§ **EXERCISE PROMPT**
Below are entries with pictures in them. Output exactly the lines starting at the line with "Skechers Relment Pelmo 64869 NVY Navy boots" and ending at the line with "Japan Japan Photography", both included, but not the pictures.

§ **STUDY MATERIAL**
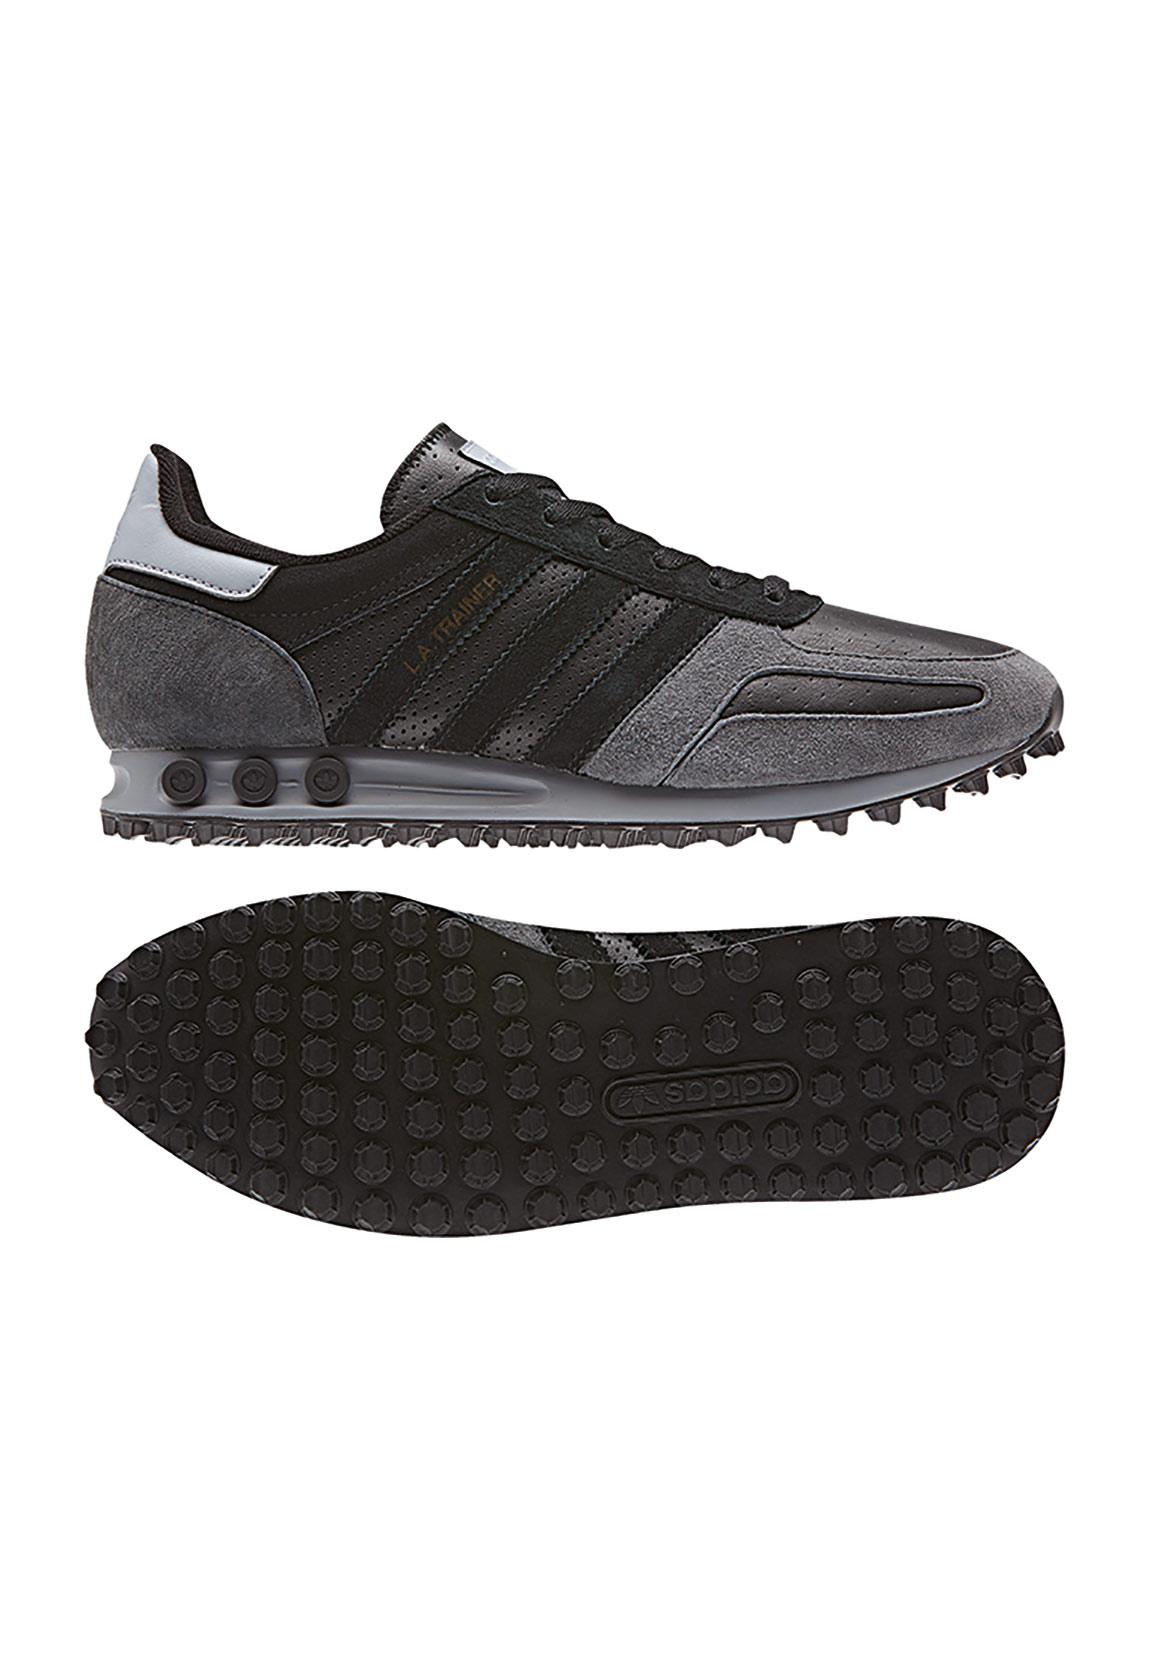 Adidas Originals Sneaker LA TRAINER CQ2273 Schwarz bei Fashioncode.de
---
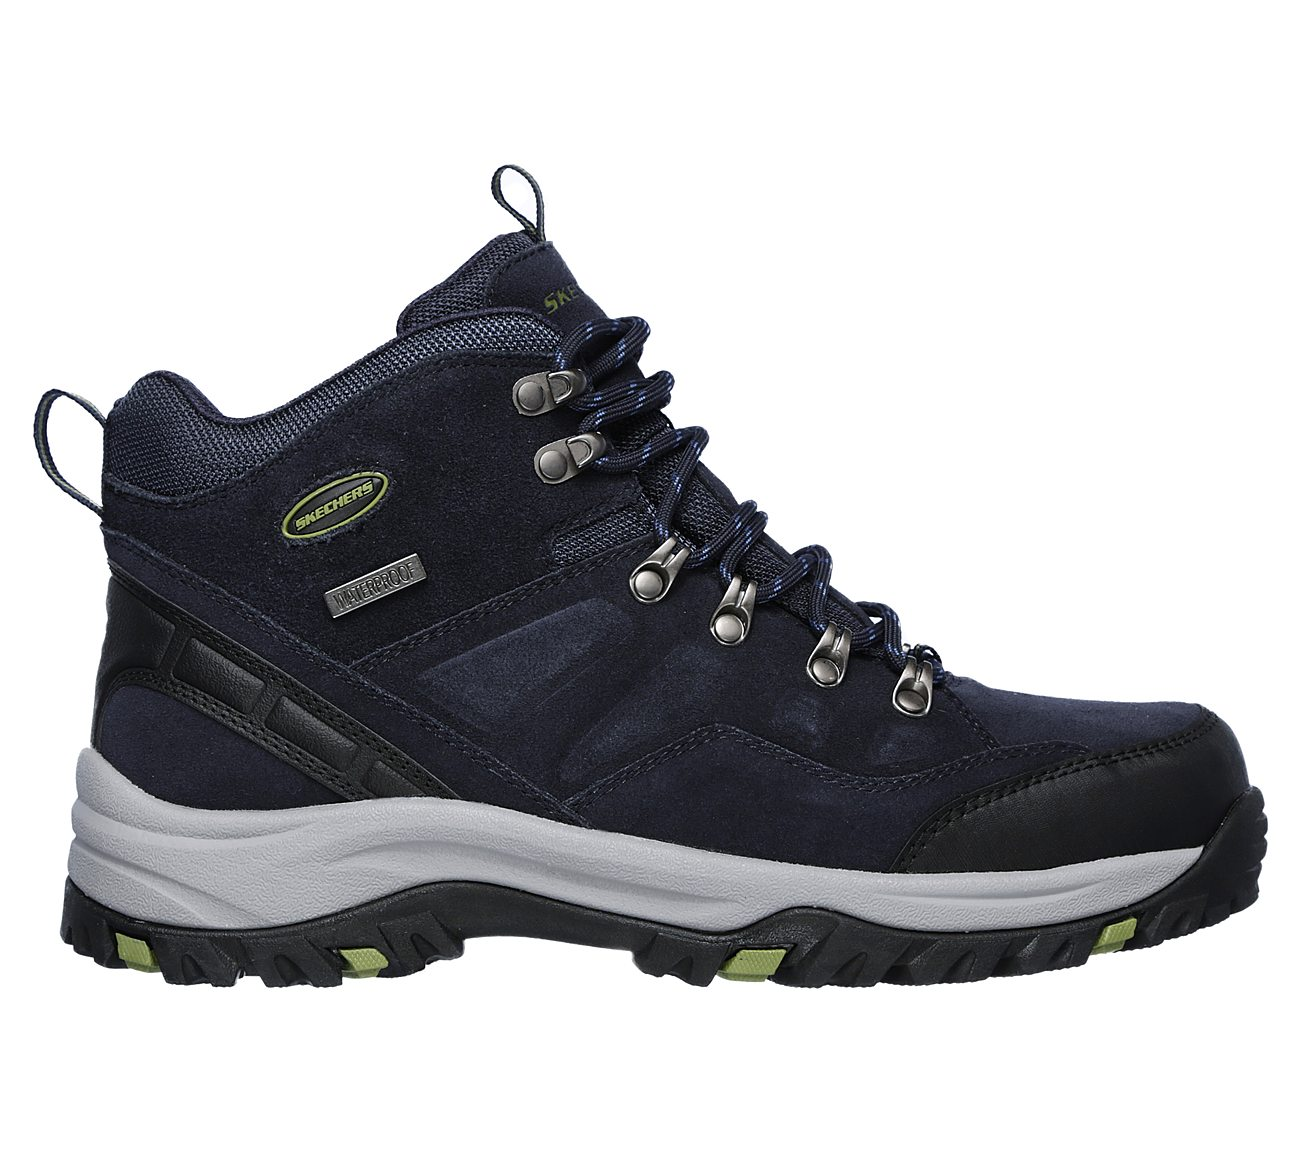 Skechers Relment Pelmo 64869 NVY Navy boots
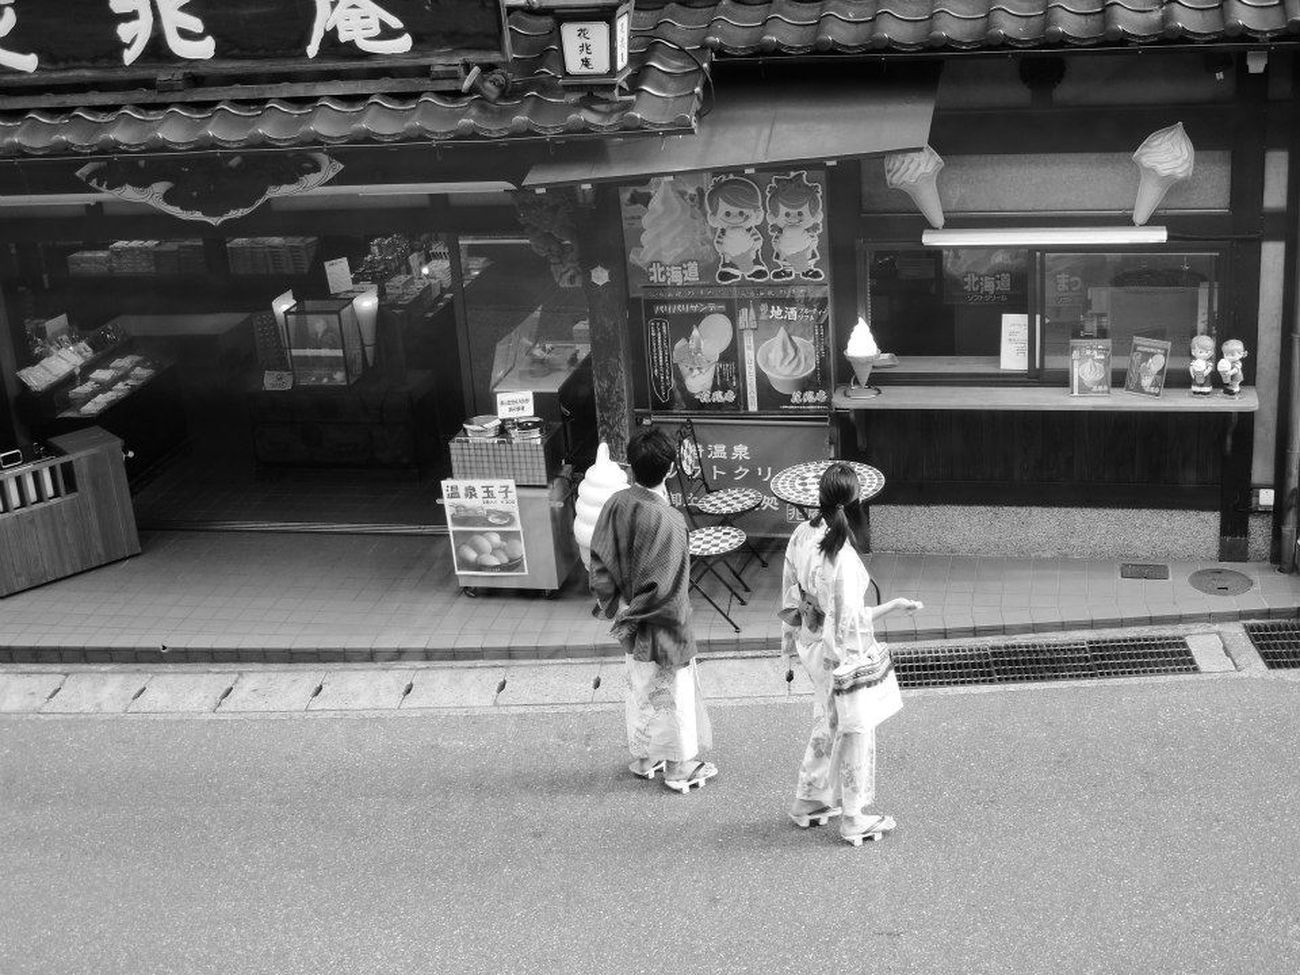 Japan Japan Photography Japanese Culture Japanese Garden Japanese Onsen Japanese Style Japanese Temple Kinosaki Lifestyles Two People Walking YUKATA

§ **PROBLEM SOLUTION**
 Skechers Relment Pelmo 64869 NVY Navy boots
 Japan Japan Photography Japanese Culture Japanese Garden Japanese Onsen Japanese Style Japanese Temple Kinosaki Lifestyles Two People Walking YUKATA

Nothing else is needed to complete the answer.